Description of the task =>
Write out exactly the lines from the one containing "A child gazes" through the last line of the records below, both included, and leave out any pictures.

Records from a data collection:
--------
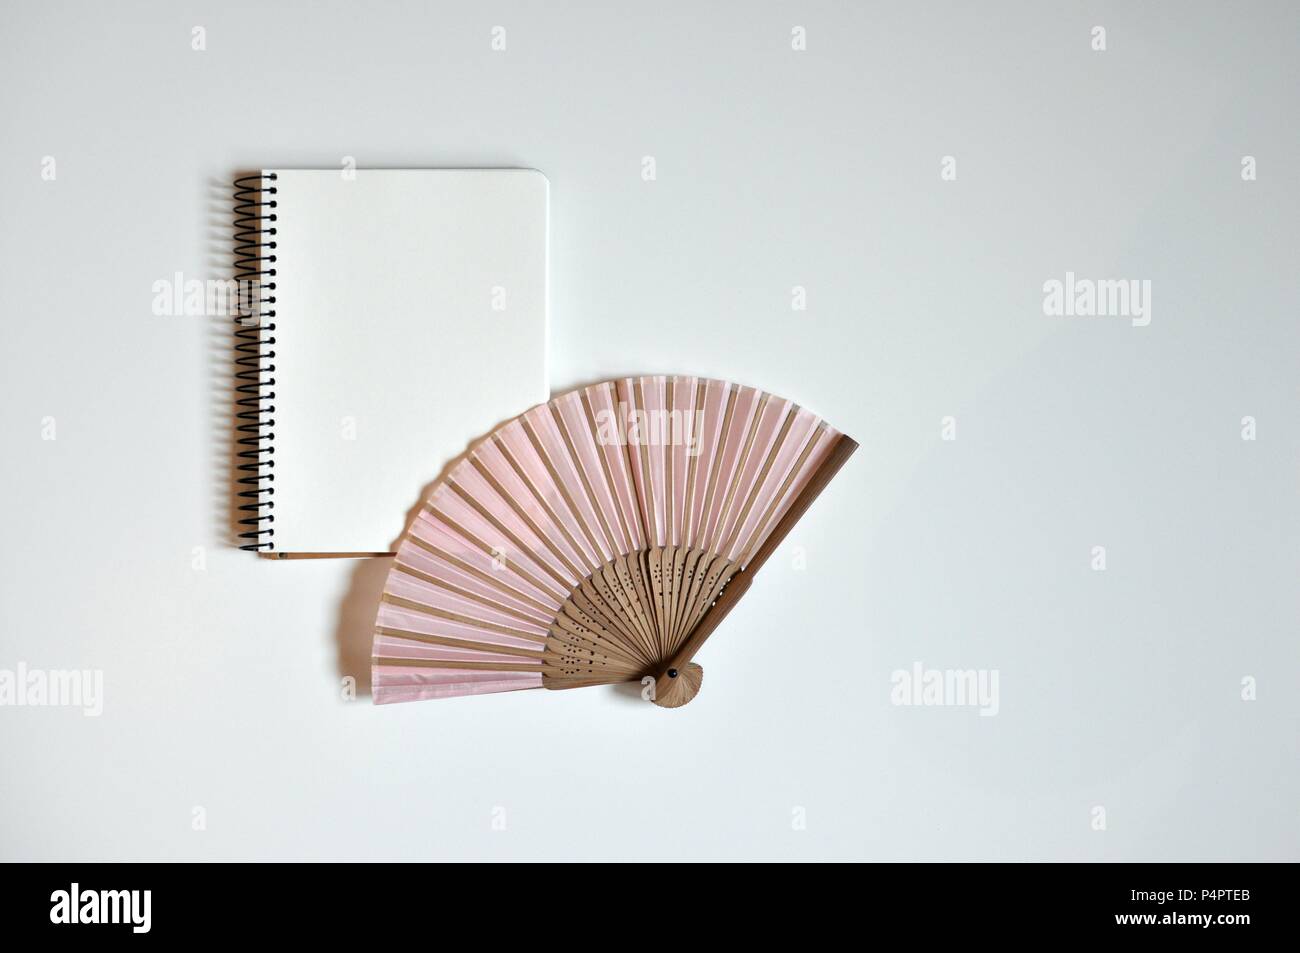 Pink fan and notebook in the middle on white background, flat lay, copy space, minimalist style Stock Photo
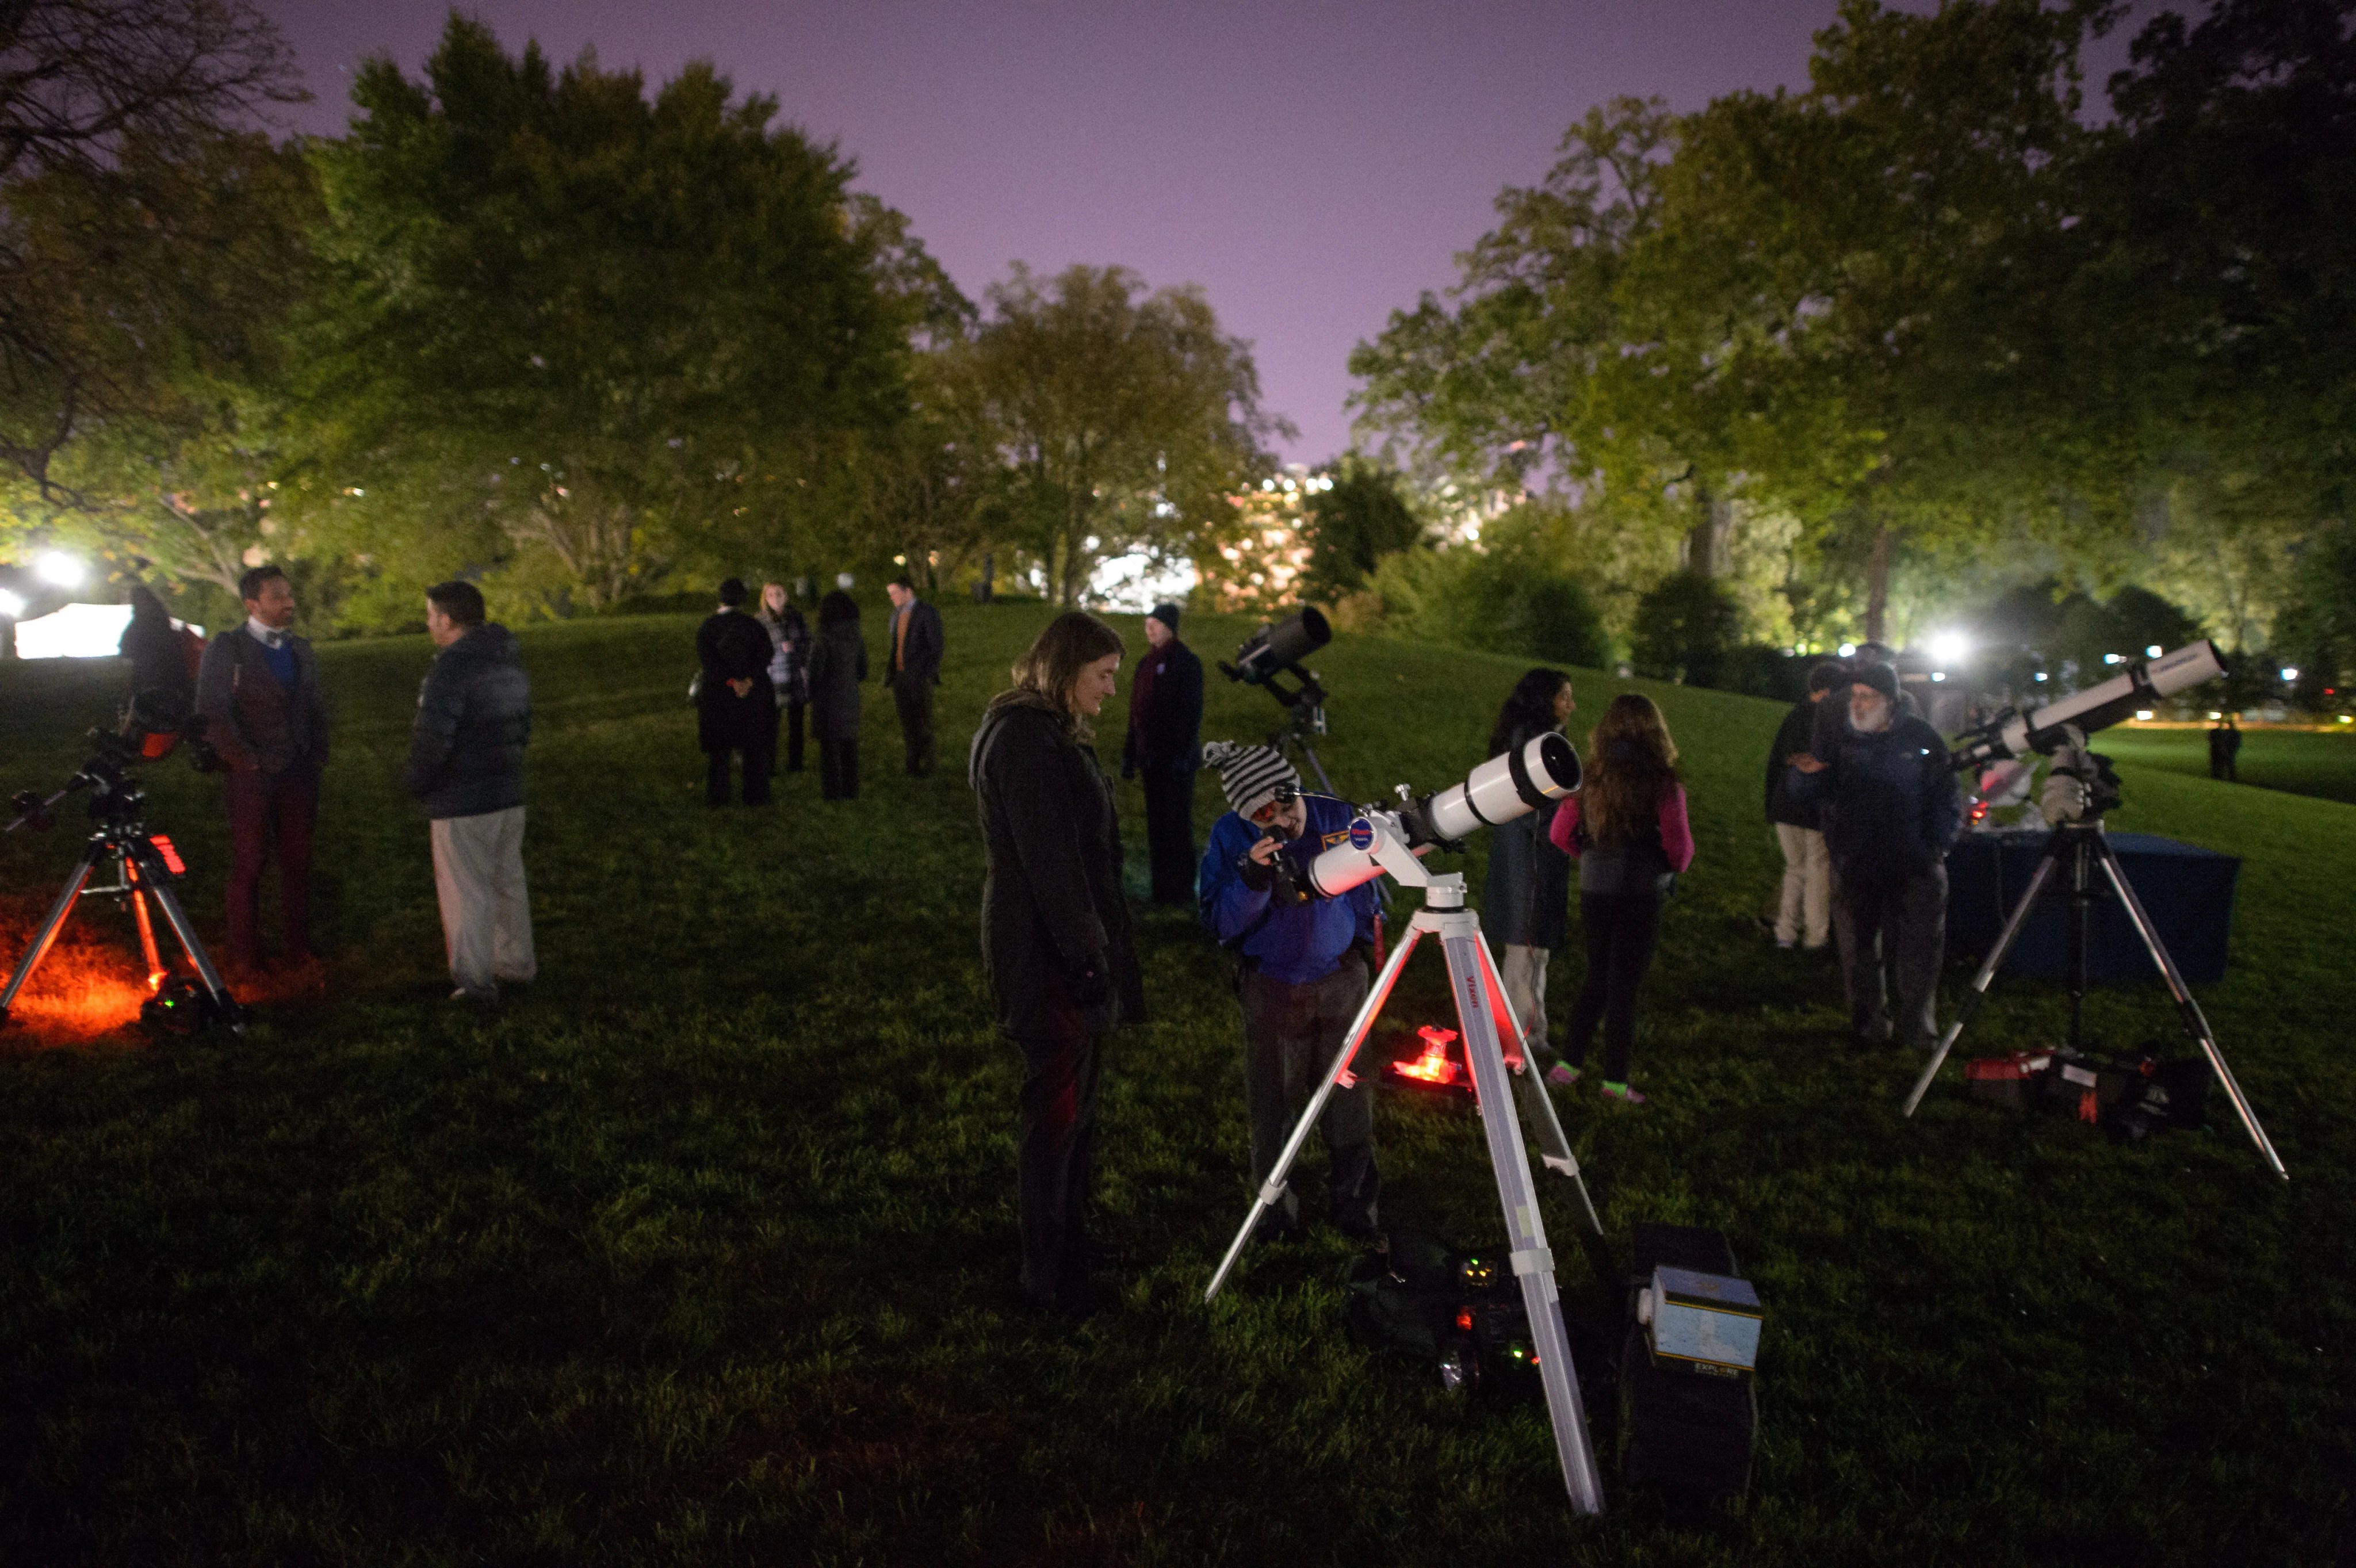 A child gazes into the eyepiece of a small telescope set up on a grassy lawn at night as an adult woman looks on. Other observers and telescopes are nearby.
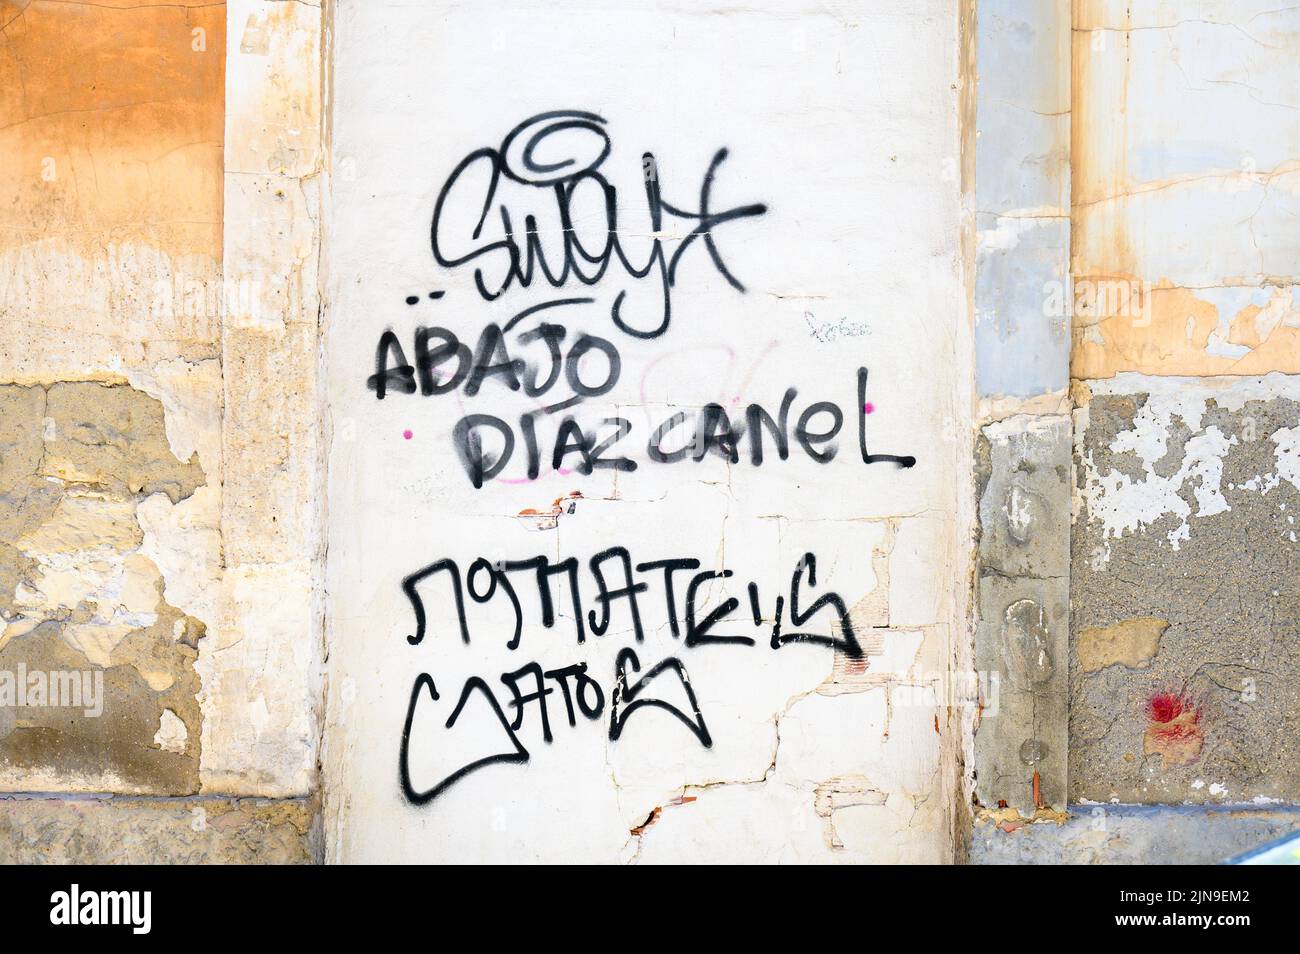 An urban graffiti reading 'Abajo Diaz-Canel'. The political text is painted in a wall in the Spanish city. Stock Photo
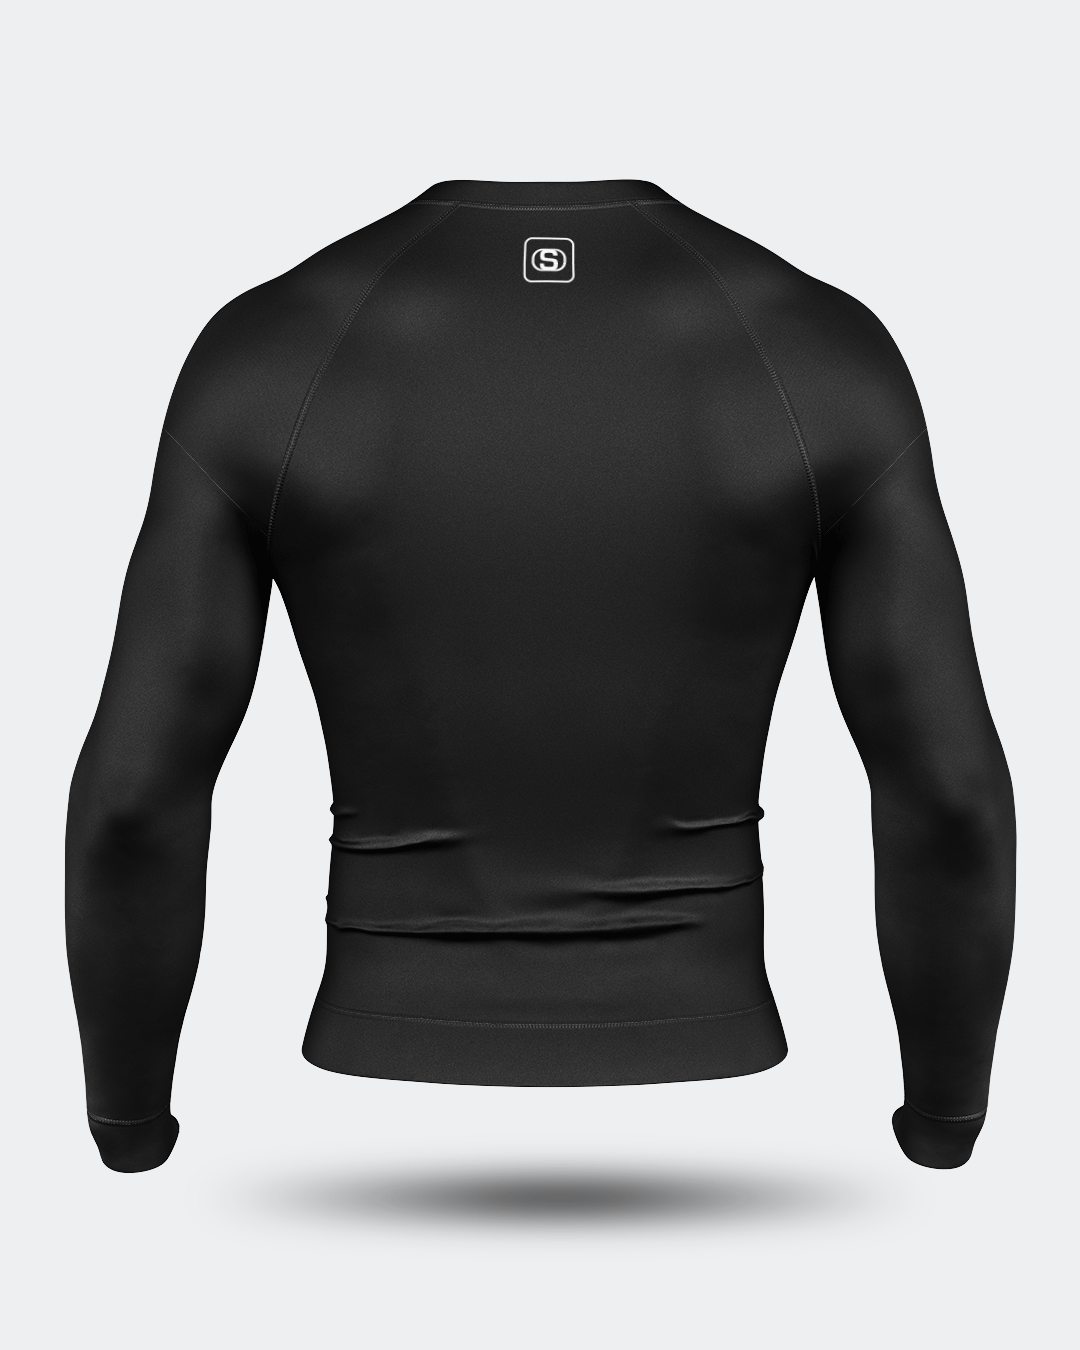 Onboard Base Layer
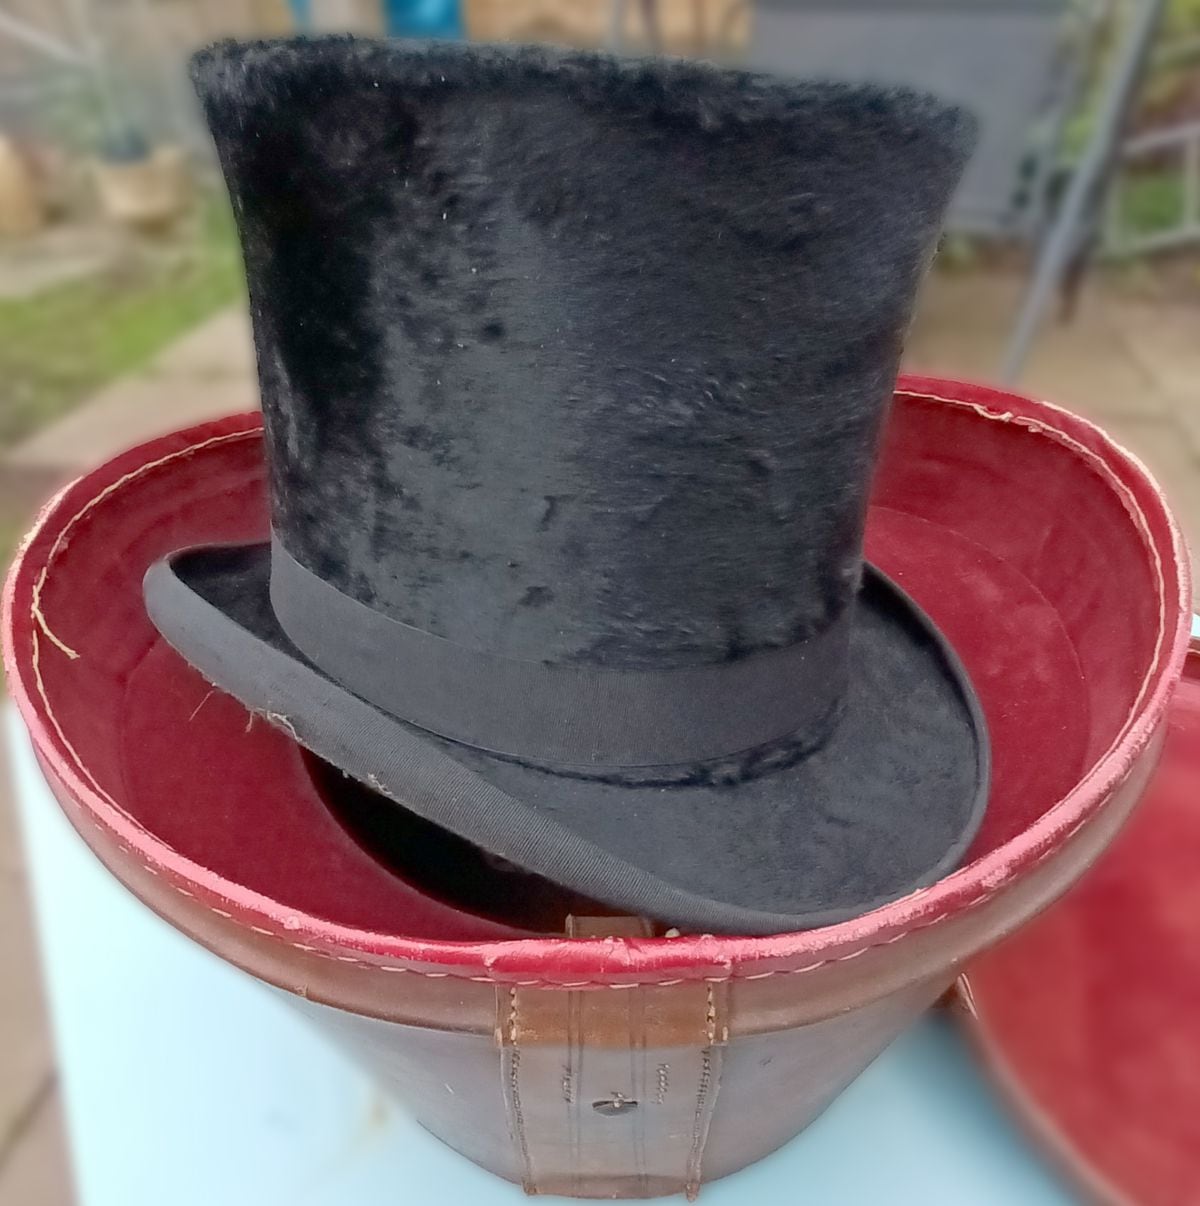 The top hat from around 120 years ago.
--------
Written solution =>
 A child gazes into the eyepiece of a small telescope set up on a grassy lawn at night as an adult woman looks on. Other observers and telescopes are nearby.
 An urban graffiti reading 'Abajo Diaz-Canel'. The political text is painted in a wall in the Spanish city. Stock Photo
 Onboard Base Layer
 The top hat from around 120 years ago.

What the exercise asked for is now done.